Changes in pressures in our CSF model can be explained by the laws of hydrodynamics (22). When the cranial part of the model is elevated above the base of the stereotaxic apparatus, the pressure in the cranial part is decreased due to the downward pull of gravity. Such a gravitational «suction» lowers the pressure in the non-distensible cranial part of model. At the same time, the pressure in the spinal part rises due to the increase in the distance between the spinal cannula and “cervical” part of the model, ie, increase in the height of fluid column and consequent increase in the fluid pressure.

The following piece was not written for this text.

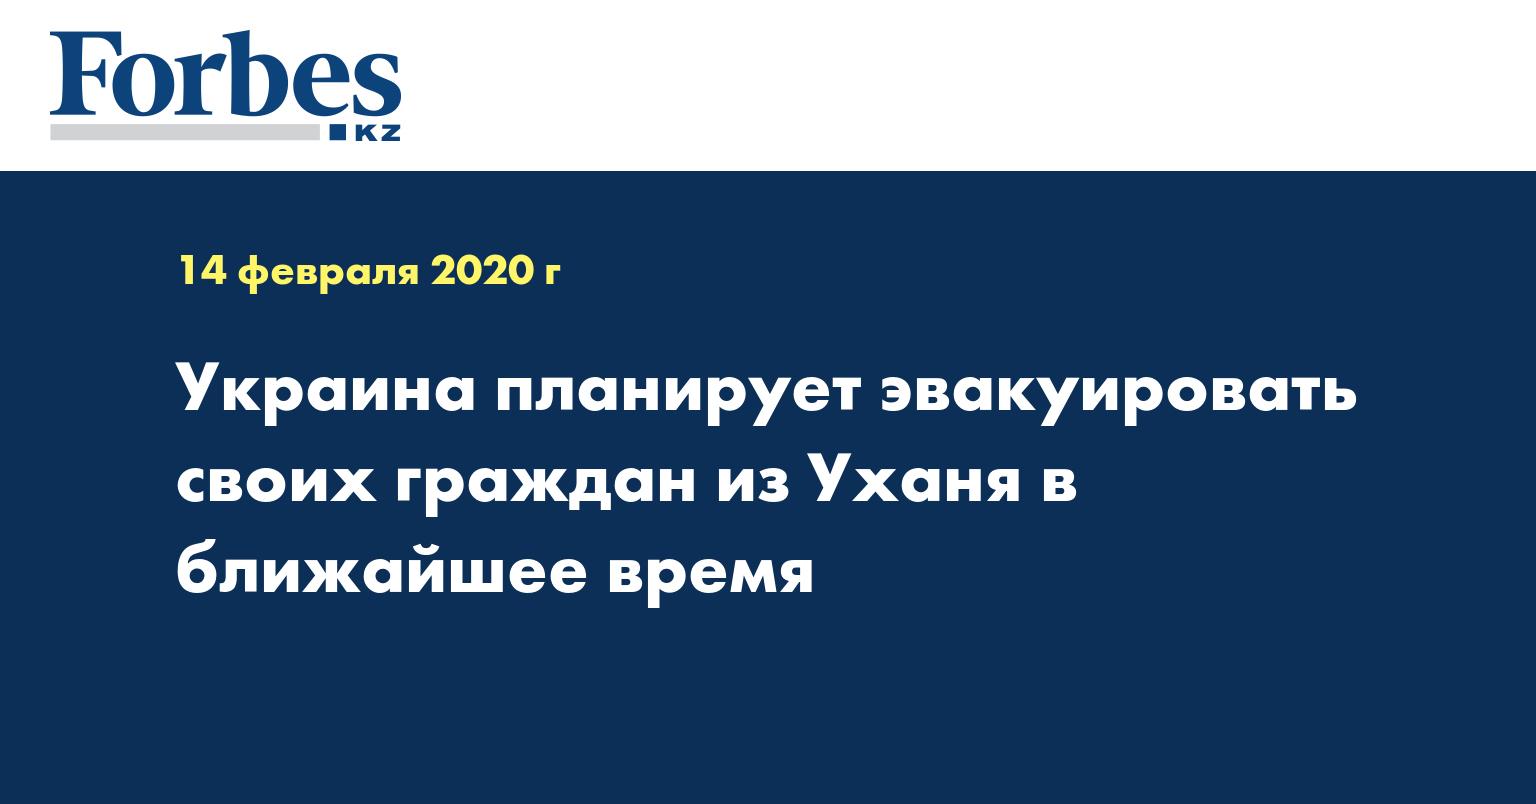 Украина планирует эвакуировать своих граждан из Уханя в ближайшее время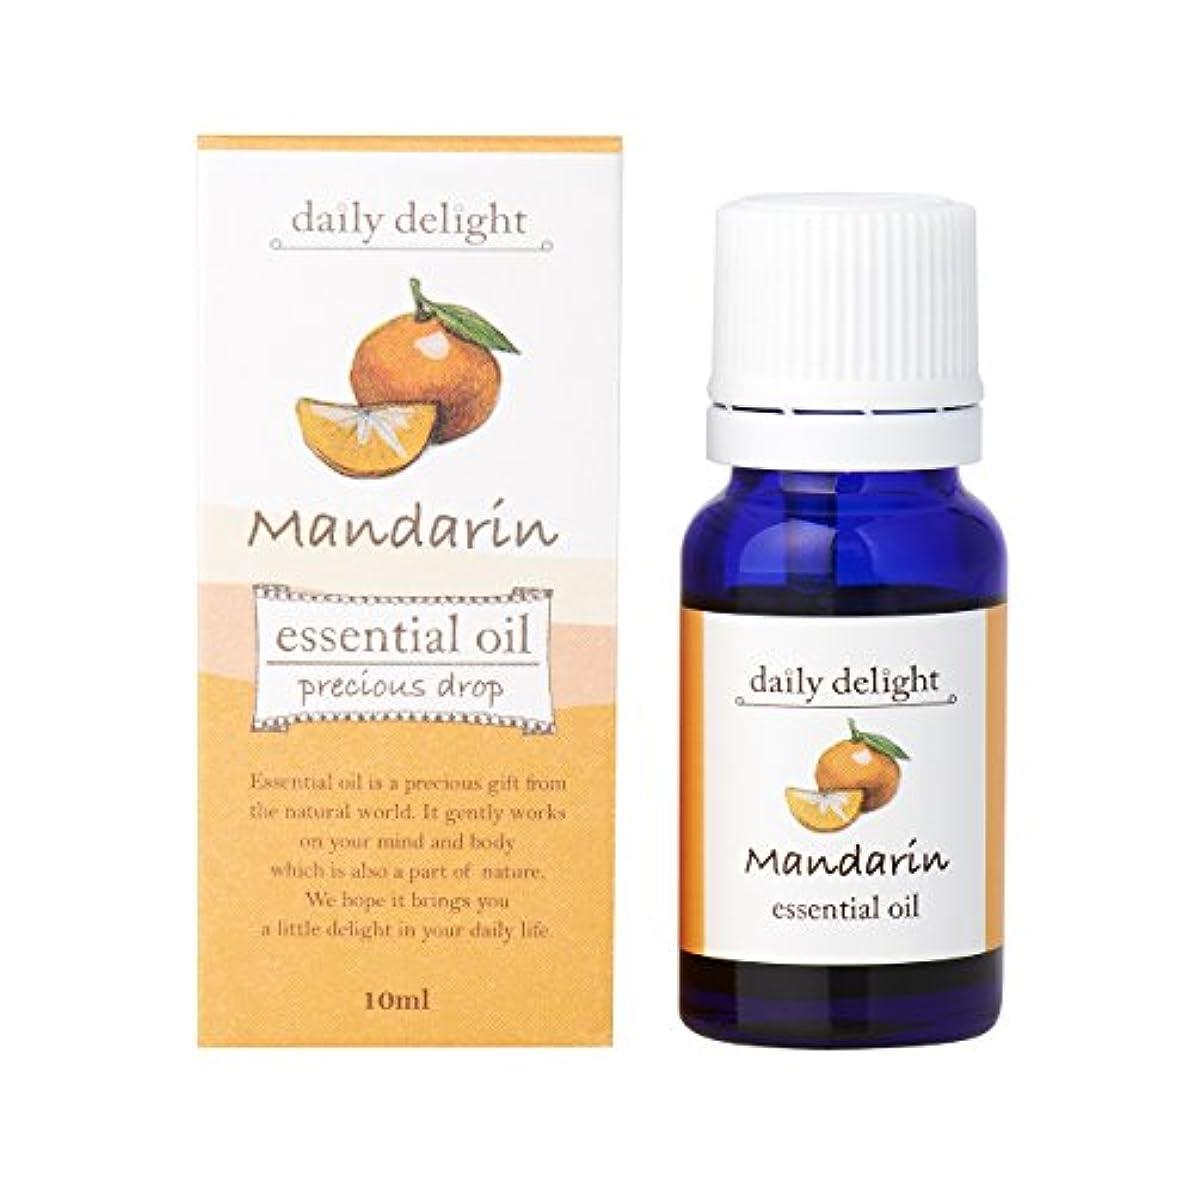 錆びカラスフォーカスデイリーディライト エッセンシャルオイル  マンダリン 10ml(天然100% 精油 アロマ 柑橘系 オレンジに似ているがより穏やかで落ち着いた印象の香り)

The pressure in the spinal part of the model does not increase as much as expected from the height of fluid column above the base. The spinal pressure in the horizontal position (a+0 cm) was 12 cm H2O, whereas it was 17 cm H2O in a+10 cm position. Thus, the pressure was increased only 5 cm H2O while according to hydrostatic height a increase of 10 cm H2O would be expected. This difference in the pressure can be ascribed to the distensibilty of the spinal part of the model, which can accommodate a larger fluid volume without the corresponding increase in the pressure as if would if the model were non-distensible. The fact that the same spinal pressure changes were observed in both the model and the cats suggests that spinal dura mater behaves similarly to the distensible rubber tube used in the model. Since the cranial part of the model and the cranial cavity in cats are non-distensible, they obviously cannot change their total volumes. Thus, our results indicate that when the cat’s head is elevated, the decrease in the intracranial pressure occurs due to the laws of fluid hydrodynamics rather than the displacement of the cranial CSF or blood to the parts of body with lower hydrostatic pressure as usually assumed. Observation that the gradient of pressure between cranial CSF and blood in dural sinuses does not change during different positions of head (23,24) support such interpretation of our data. Incompressibility of cranial osseous vault enables constant blood perfusion of brain despite sudden changes of head position in comparison to the body.

In conclusion, our results indicate that craniospinal CSF communication at foramen magnum enables maintenance of constant cranial CSF volume despite of changes of body position and CSF pressure.

Acknowledgment

This study was supported by grant No. 0108134 of the Ministry of Science and Technology of Croatia.